Post Mortem: US Thanksgiving Outage

November 27, 2018
roll20

Steve Koontz, Lead Developer of Roll20, put together a post mortem to share with you on the service outage that some Roll20 users experienced on November 21-22. With no further ado, here’s Steve to talk about what happened and how we approached it:

On November 21st, Thanksgiving Eve here in the US, a little after 7PM PT, Roll20 suffered an extreme slowdown. For most users pages were taking a very long time to load and for some users not load at all. Our engineers responded immediately to the problem but the issue turned out to be difficult to diagnose. We hadn’t changed anything on our end going into the holiday but over the course of just a few minutes our database had been overwhelmed by requests and since everything was then running slowly it wasn’t easy to determine the offending process. We did some maintenance on our database, and 90 minutes after the issues started we rolled out an emergency patch that brought things back to normal. We continued to monitor the performance of the site.

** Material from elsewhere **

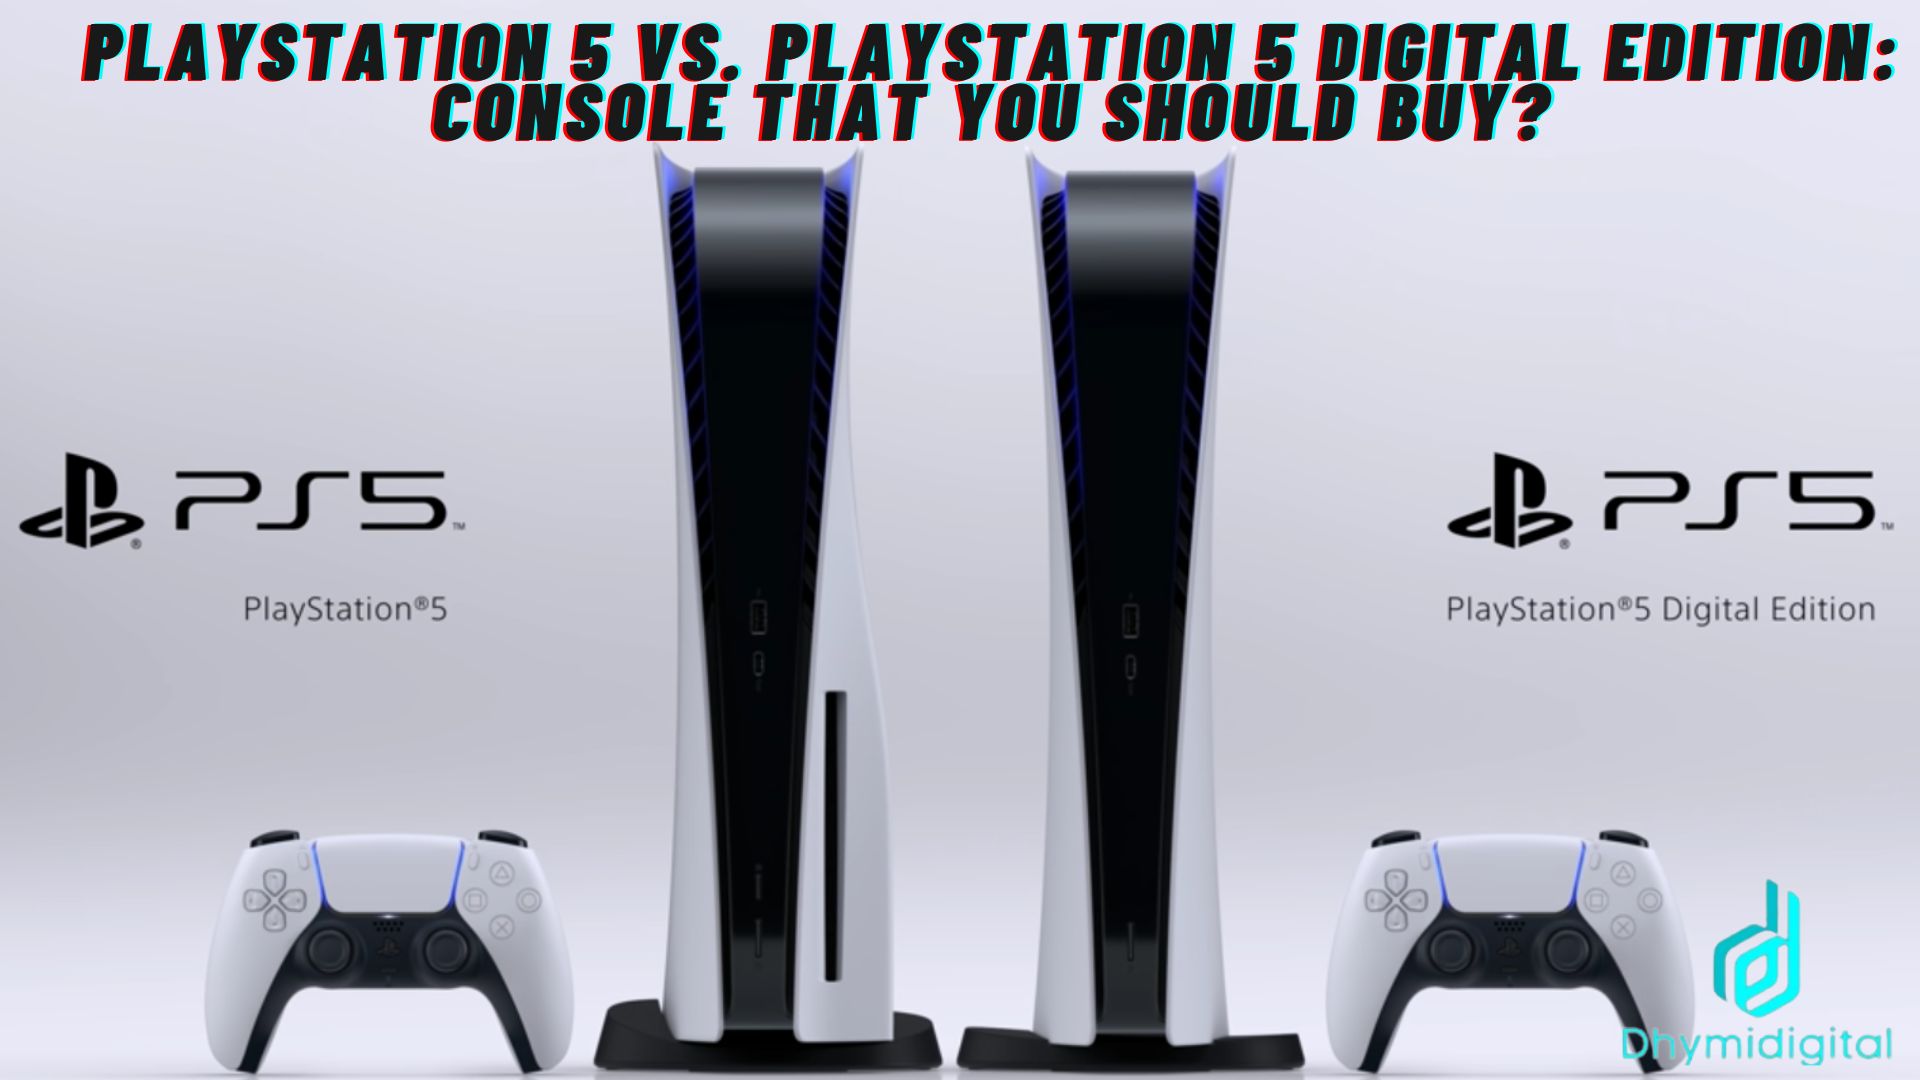 PlayStation 5 vs. PlayStation 5 Digital Edition: Console that you should buy?

Thanksgiving morning the issue reoccured, which let us know that our fix from the previous night had minimized the problem but not resolved it. Since we were dialed in on the issue it only took the team a few minutes to come up with a longer lasting solution that brought back almost 100% of Roll20’s functionality. We isolated the issue, which turned out to be a foible of the database software Roll20 uses when dealing with very, very large tables, causing a query that normally ran very quickly to suddenly become very slow. We’re still working to resolve the problem with a permanent solution. Until then notifications for completed queue processes, things like installing an addon into a game or rolling a game back, aren’t reaching the end user. The addons will still install correctly, you just aren’t getting the notification when they’ve finished. Refreshing the game detail page after a few seconds will show the addon installed and all content will be correctly added to your game. We expect a special patch for this issue in the coming week.

We apologize for the inconvenience this caused your holiday games.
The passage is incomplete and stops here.